A disputa por cargos junto ao Poder Público acreano não parece ter mais o mesmo apelo, ao menos em relação aos cargos cujo acesso deve se dar na forma de concurso público. Em seis decretos publicados nesta segunda-feira (26), o governador do Estado cancelou 105 nomeações para cargos de nível médio e superior em duas secretarias. Questionada sobre os fatos, a Assecom não se manifestou.

Nos decretos de cancelamento para a Secretaria de Saúde do Estado do Acre (Sesacre) e Secretaria de Educação e Esportes (SEE) foi o mesmo: “após as nomeações para os cargos …, a[os] candidata[s] que menciona não tomou[aram] posse no prazo estabelecido”.

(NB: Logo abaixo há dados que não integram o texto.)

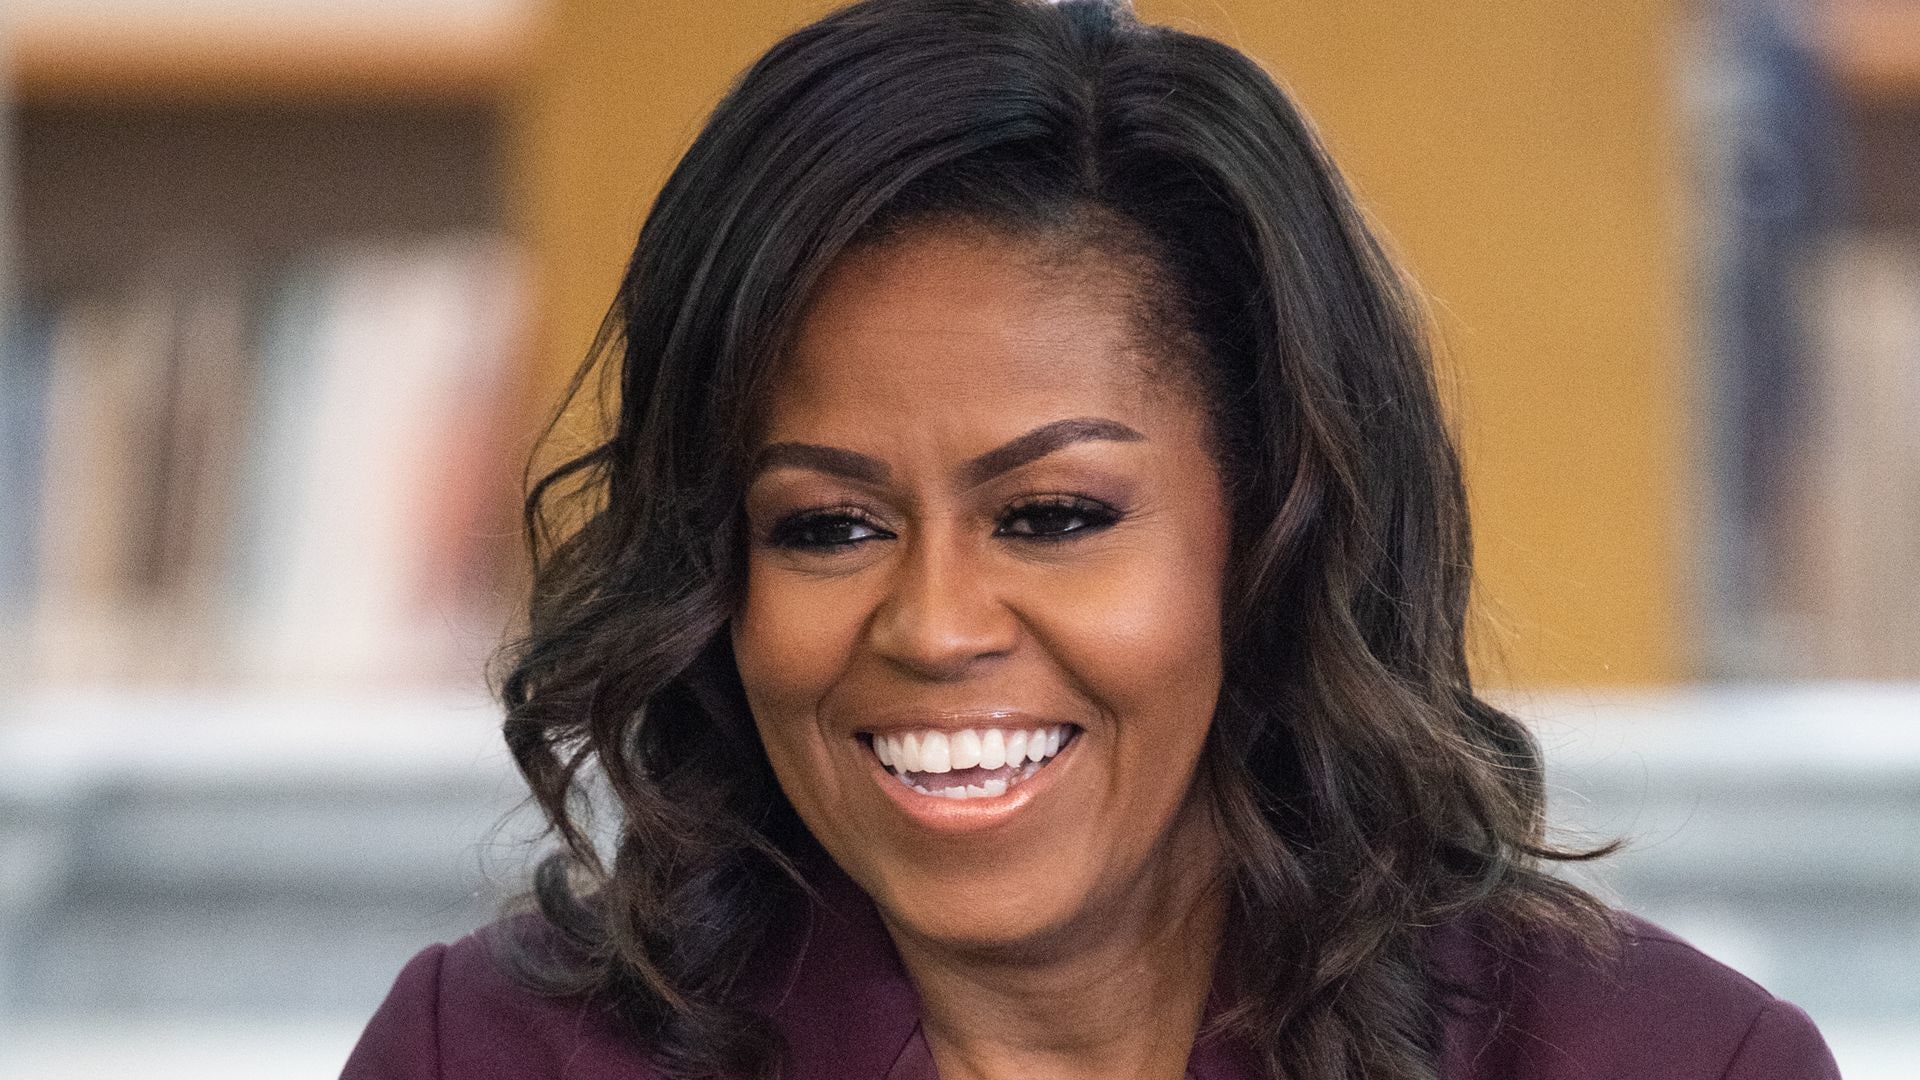 Michelle Obama in a maroon suit smiling with her hair in curls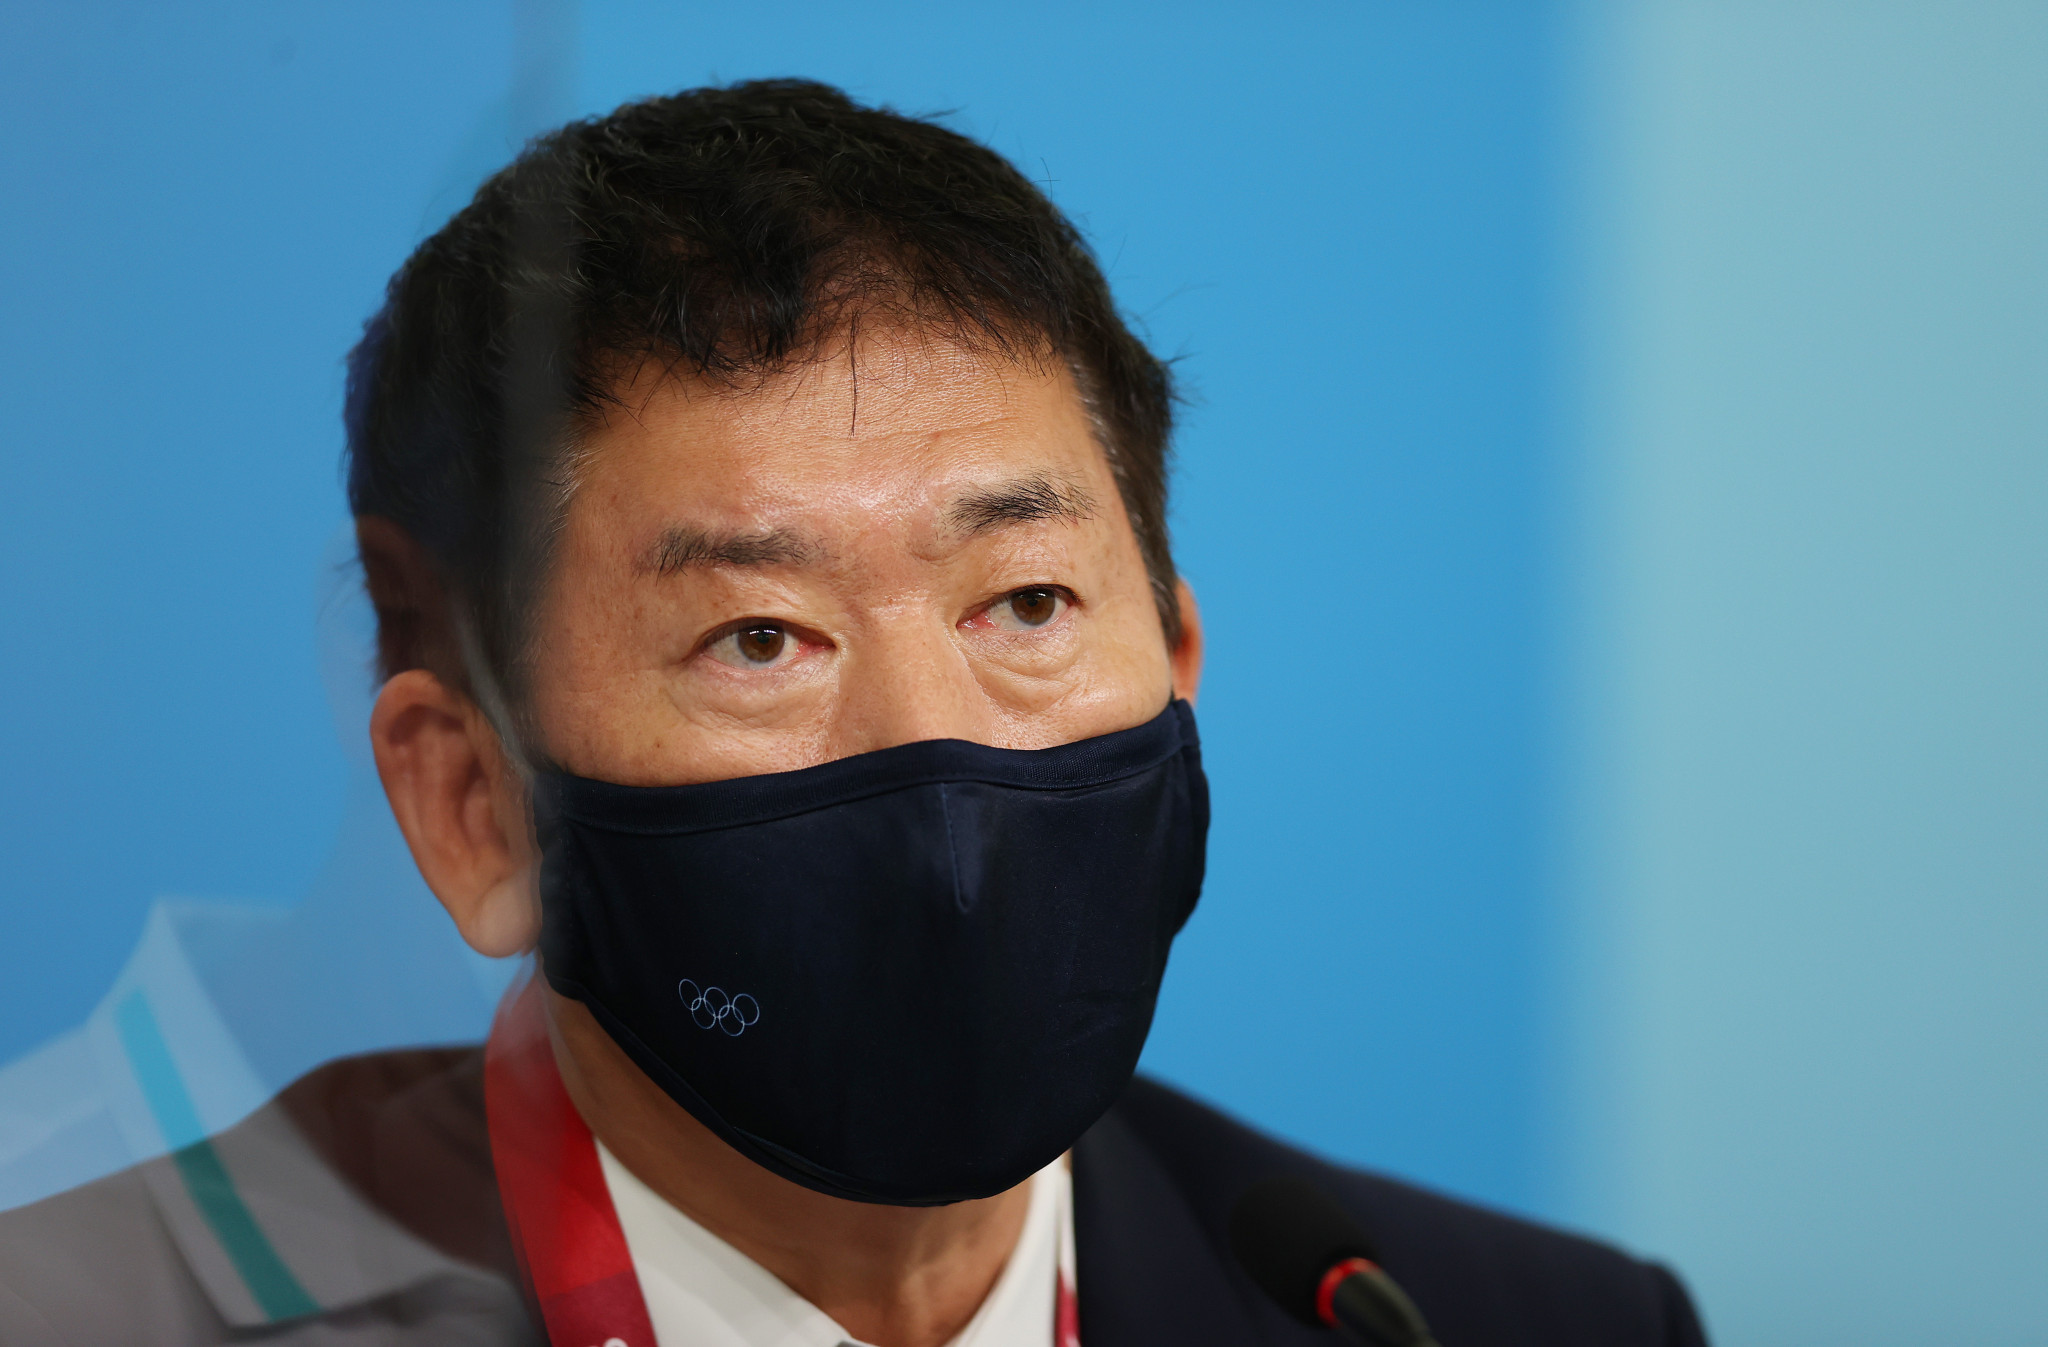 Morinari Watanabe has been re-elected as President of the International Gymnastics Federation at the organisation's Congress in Antalya ©Getty Images

Médicos e professores desistem

Nem mesmo os cargos mais qualificados, como médicos, psicólogos e professores parecem estar atraindo mais os profissionais. Neste caso, o déficit fica maior nas cidades do interior, em uma razão proporcional à distância da capital, embora esta também tenha sua cota de defecções.

As desistências também se espalham por todo o Estado, indo de Porto Acre até Brasileia, desta a Assis Brasil (1%) e chegando a Cruzeiro do Sul (8%), voltando por Sena Madureira (9%) e Bujari (1%) e, é claro, passando por Rio Branco (36%).

Administrativos da SEE são maioria

Em geral, os cargos de nível médio foram os com os maiores números de desistências, com 75 casos (71,4%). Para os cargos de nível superior foram 30 desistências (28,6%).

Na SEE, 71 pessoas não quiseram assumir os cargos para os quais foram aprovados em concurso, dos quais 66 eram cargos administrativos e cinco eram de professores.

Na Sesacre os cargos de nível médio com desistência por parte dos aprovados foram nove. Os cargos de nível superior cujos selecionados desistiram de tomar posse podem ser distribuídos em três grupos: administrativos (5); aplicado e complementar a Saúde (9) e médicos (11).

Sem explicações oficiais

Como os decretos governamentais abrangiam duas secretarias e cargos diversos de nível superior e médio, com vagas espalhadas por várias cidades do Acre, foi encaminhado um pedido de informações para a Assessoria de Comunicação do Governo do Estado (Assecom),

Até fechamento desta edição não houve retorno do pedido de informações, o que impediu de ser ter uma ideia de como pretende o governo atuar para evitar estes problemas, cujas nomeações findam por dificultar a prestação de serviços para a sociedade, notadamente com a falta de médicos, psicólogos, enfermeiros e professores.